All the alternatives for the same non-terminal must be given in one rule, e.g.,
```
      rule stmt: expr | "if" stmt
```
is fine but the following won't work (and Yapps issues no warning):
```
      rule stmt: expr
      rule stmt: "if" stmt
```
With ambiguous productions, the first alternative is preferred; also the generated parser tries to match as many tokens as it can for the current rule. This means that a null production, if present, should normally be the last alternative in a rule and a convenient but ambiguous LL(1) grammar will be parsed deterministically – e.g., one with a “dangling else” problem.
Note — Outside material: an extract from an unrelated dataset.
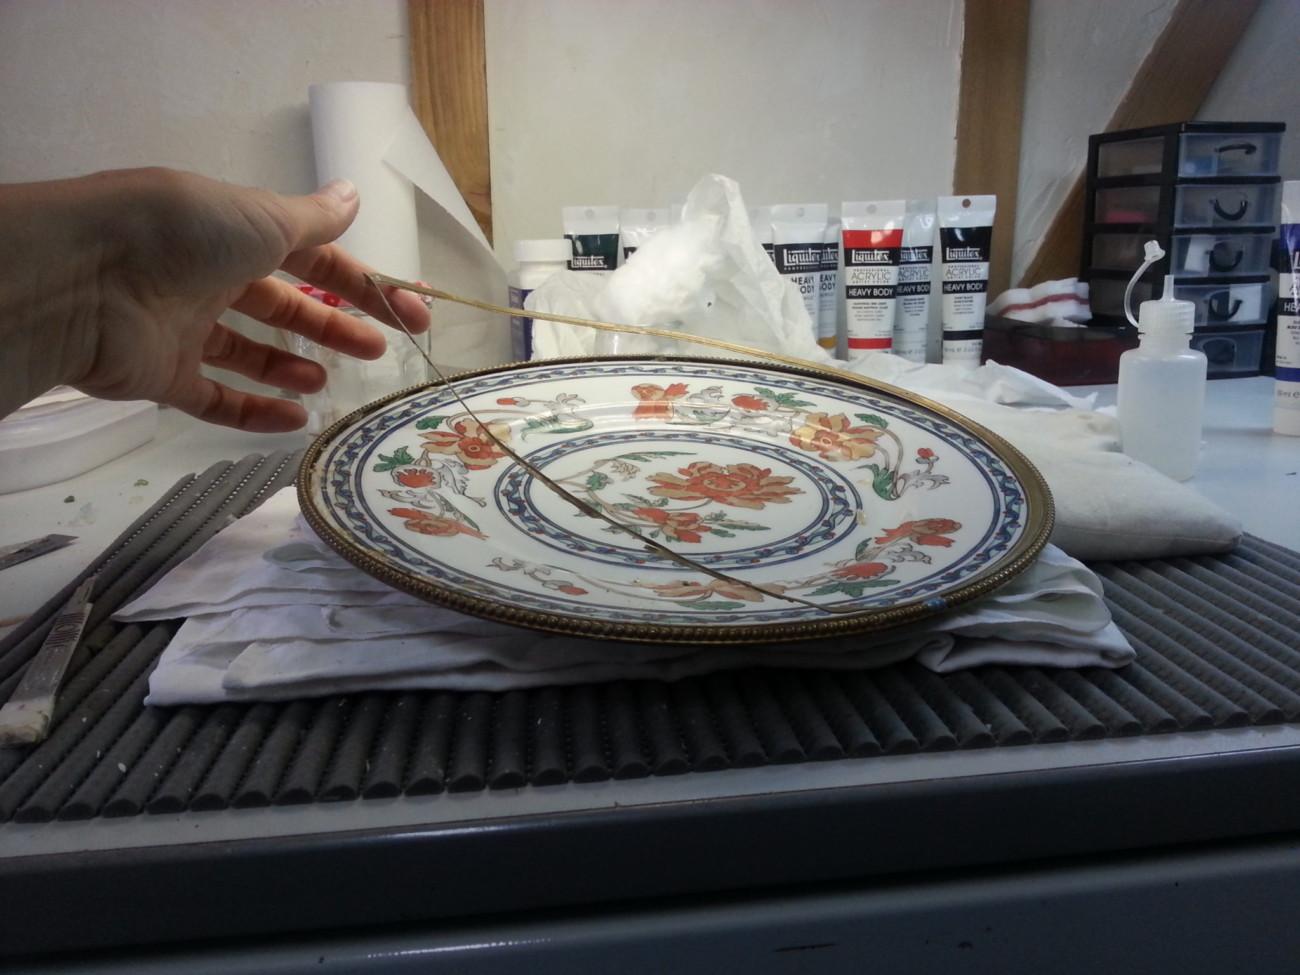 Restauration d'une assiette cerclée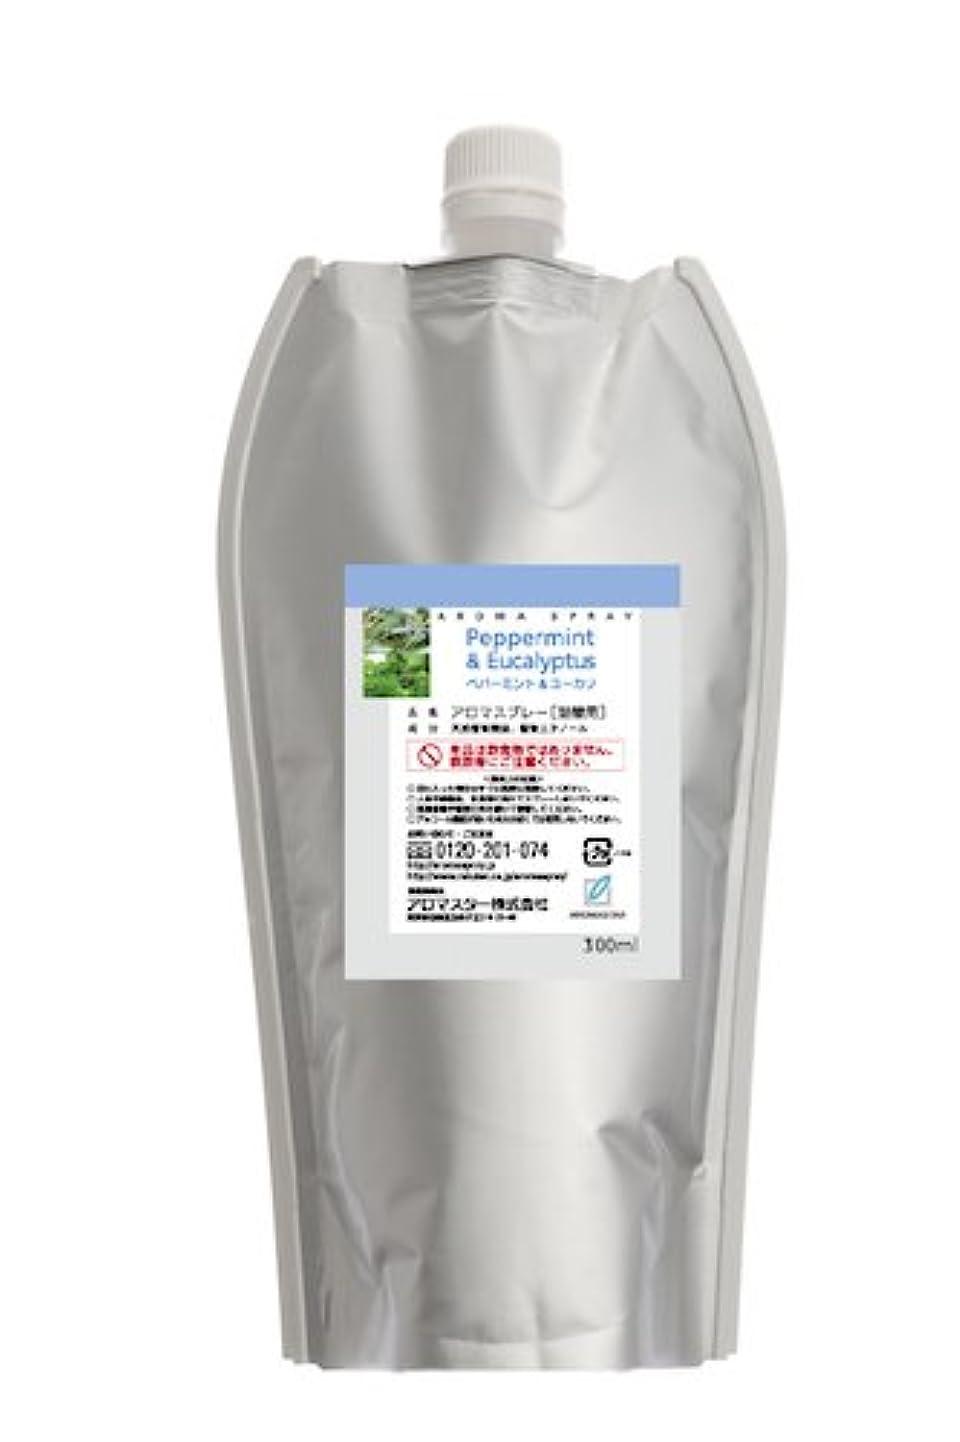 雑種丘残りAROMASTAR(アロマスター) アロマスプレー ペパーミント&ユーカリ 300ml詰替用(エコパック)

Note that Yapps issues no warnings for ambiguous grammars.
The parser can be customized by subclassing; a custom scanner could also be used (though if you reach that point you might want to consider using something else).
The text scanned in for a rule (or part of a rule) can be retrieved conveniently from the scanner – see "5.3 Internal Variables" in the Yapps manual.

Bugs

A bug in yappsrt.py: function wrap_error_reporter tries to return return_value even if it hasn't been assigned (i.e., when an exception has been caught). Fix:
```
  163c163
  <         return_value = getattr(parser, rule)()
  ---
  >         return getattr(parser, rule)()
  173d172
  <     return return_value
```

A bug in calc.g, one of the examples included in the package, causes an exception when parentheses are used. The fix is:

  <                | "\\(" expr "\\)"         {{ return expr }}
  ---
  >                | "\\(" expr<<V>> "\\)"    {{ return expr }}

A bug in yapps2.py means that a line comment immediately before the '%%' separator at the end of the parser section of a grammar file will not be recognized as a comment (because the newline is stripped from then end of s by the code that searches for the DIVIDER).
A minor annoyance is that the source files in the distribution contain a mix of tabs and spaces (run Unix 'expand' utility).